Restate word for word the lines of the material below, from the line with "Schnittmuster - Tunika" to the line with "Somfy Vorteilspaket TaHoma", both lines included, and no others.

▸ **Information provided**
▬▬▬

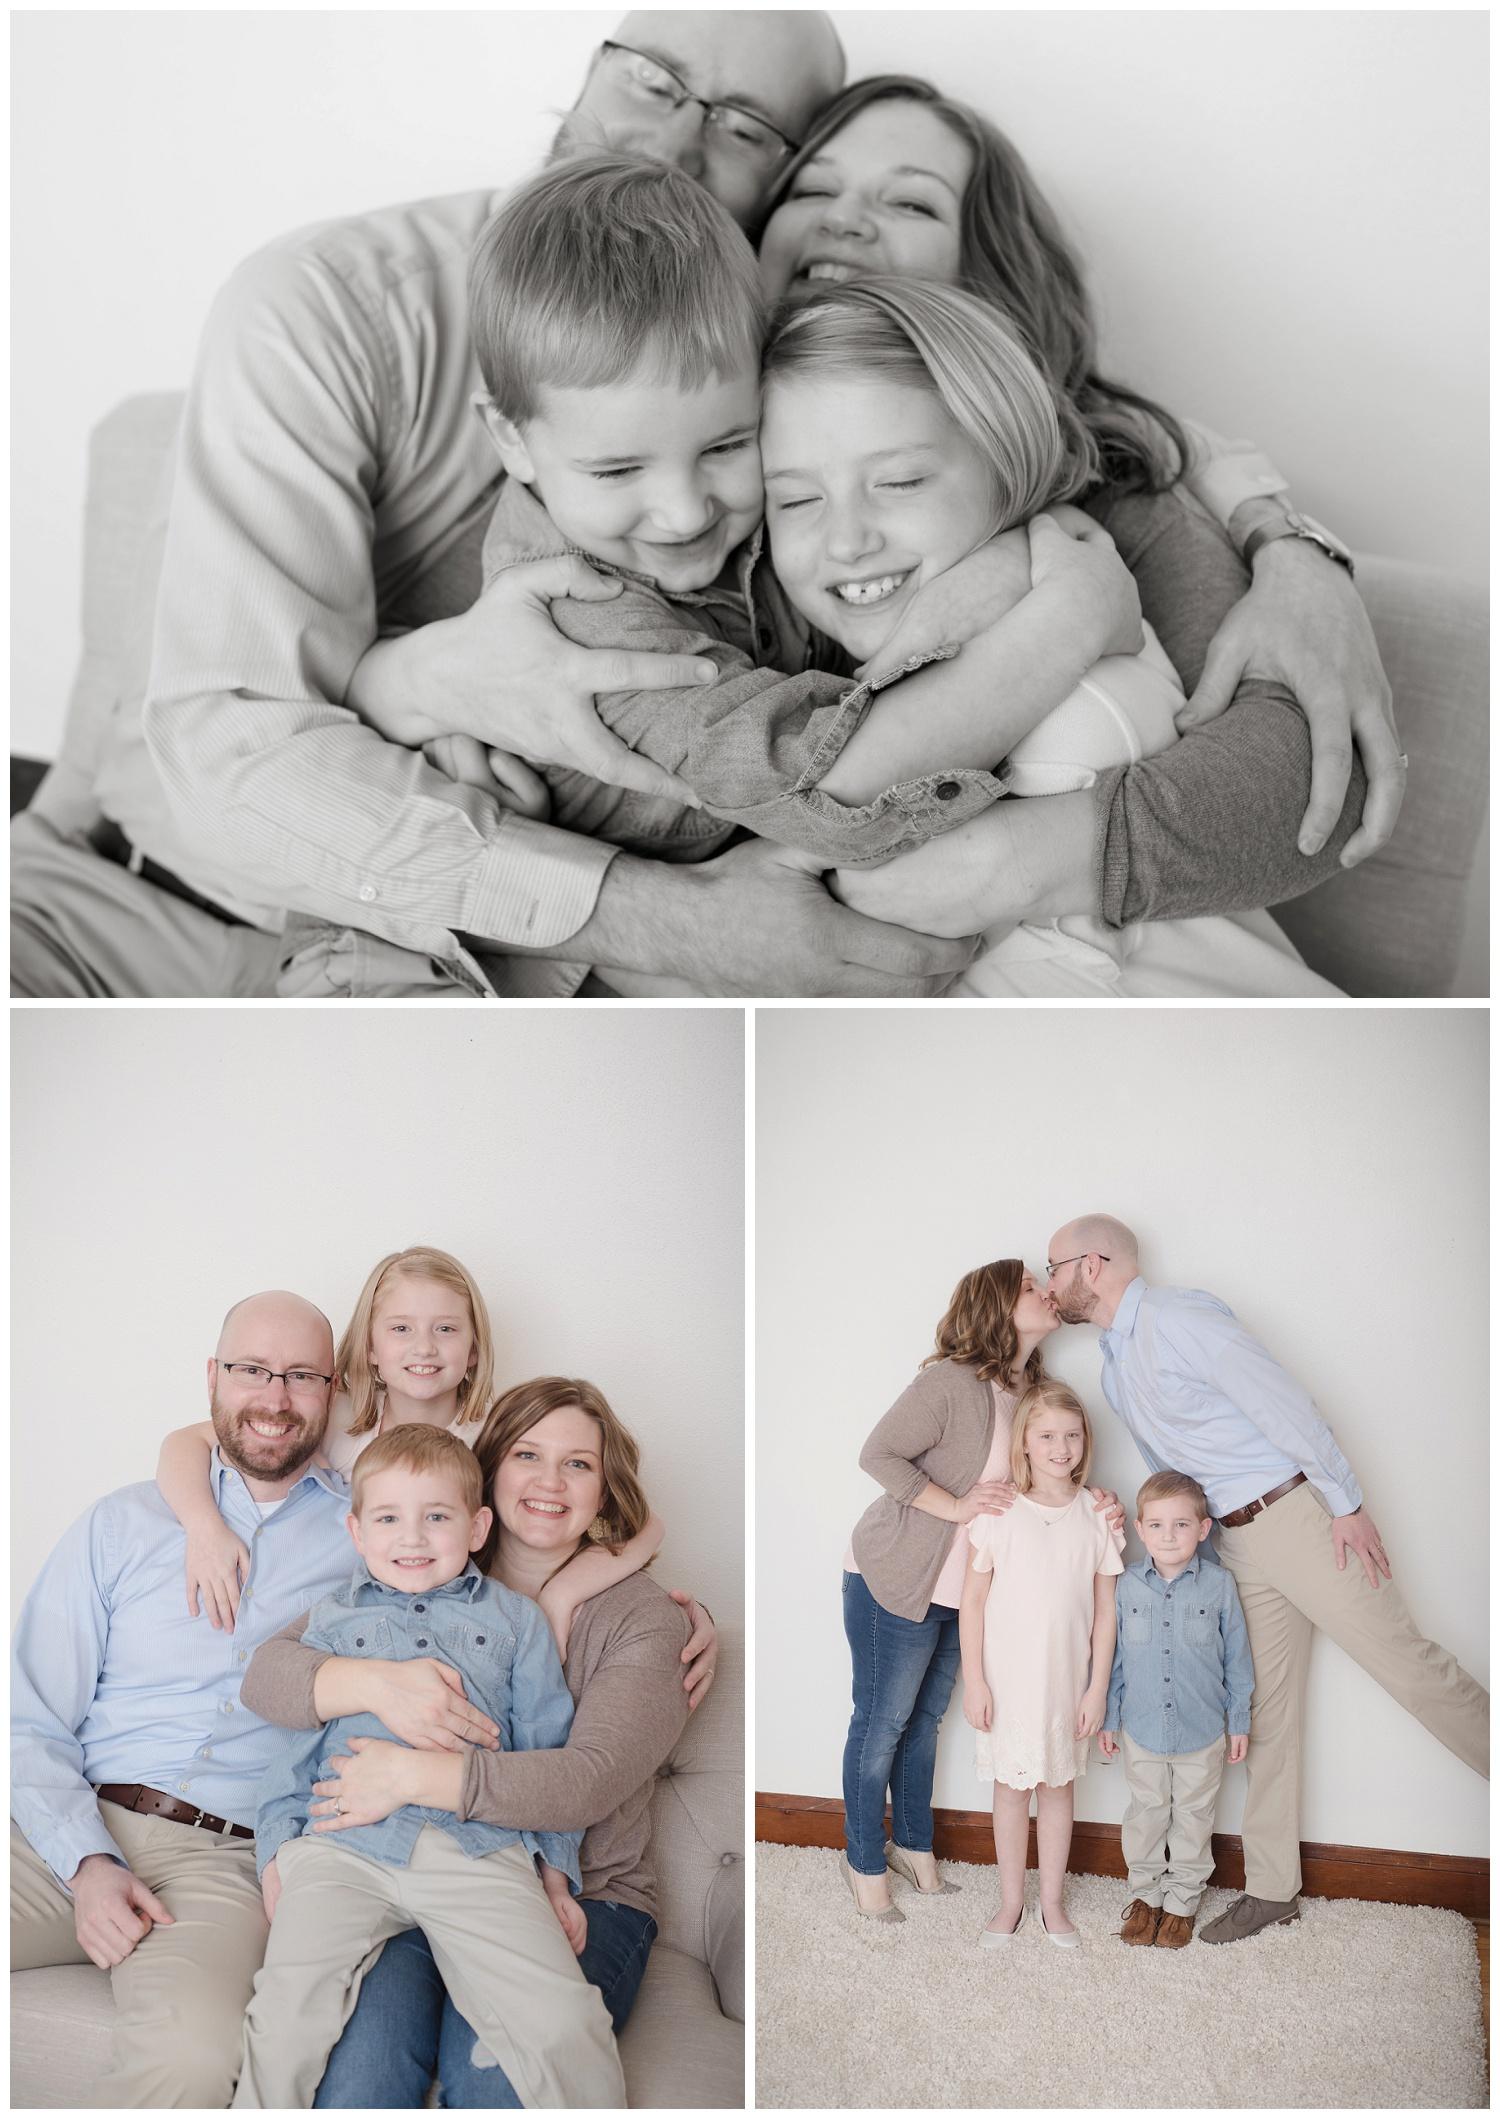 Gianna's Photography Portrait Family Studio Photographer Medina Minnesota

▬▬▬

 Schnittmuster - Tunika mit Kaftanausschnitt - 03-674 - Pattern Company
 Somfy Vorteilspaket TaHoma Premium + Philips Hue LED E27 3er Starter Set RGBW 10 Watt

▬▬▬

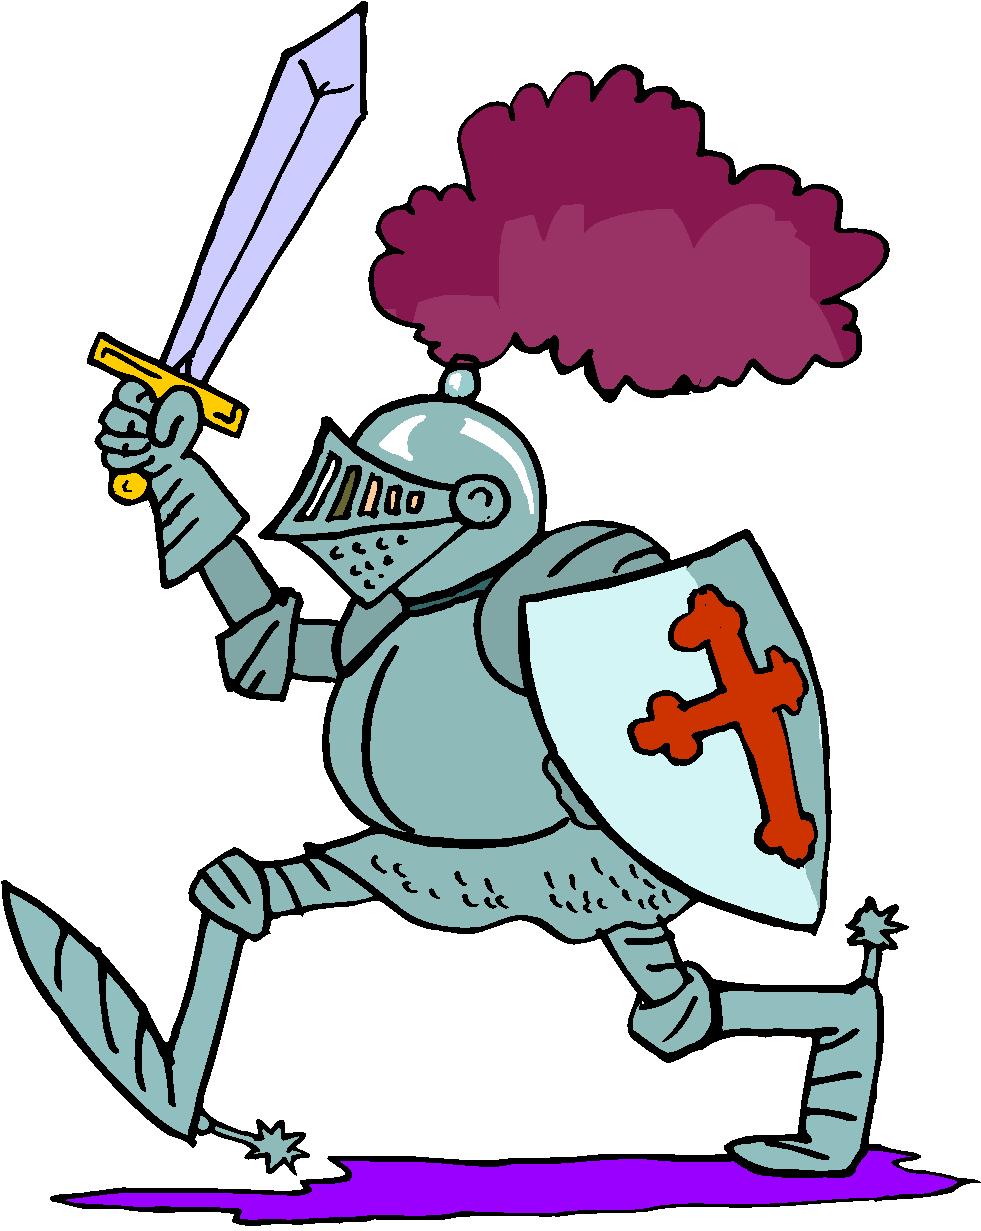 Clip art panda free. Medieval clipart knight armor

▬▬▬

▸ **Solved exercise**
 Schnittmuster - Tunika mit Kaftanausschnitt - 03-674 - Pattern Company
 Somfy Vorteilspaket TaHoma Premium + Philips Hue LED E27 3er Starter Set RGBW 10 Watt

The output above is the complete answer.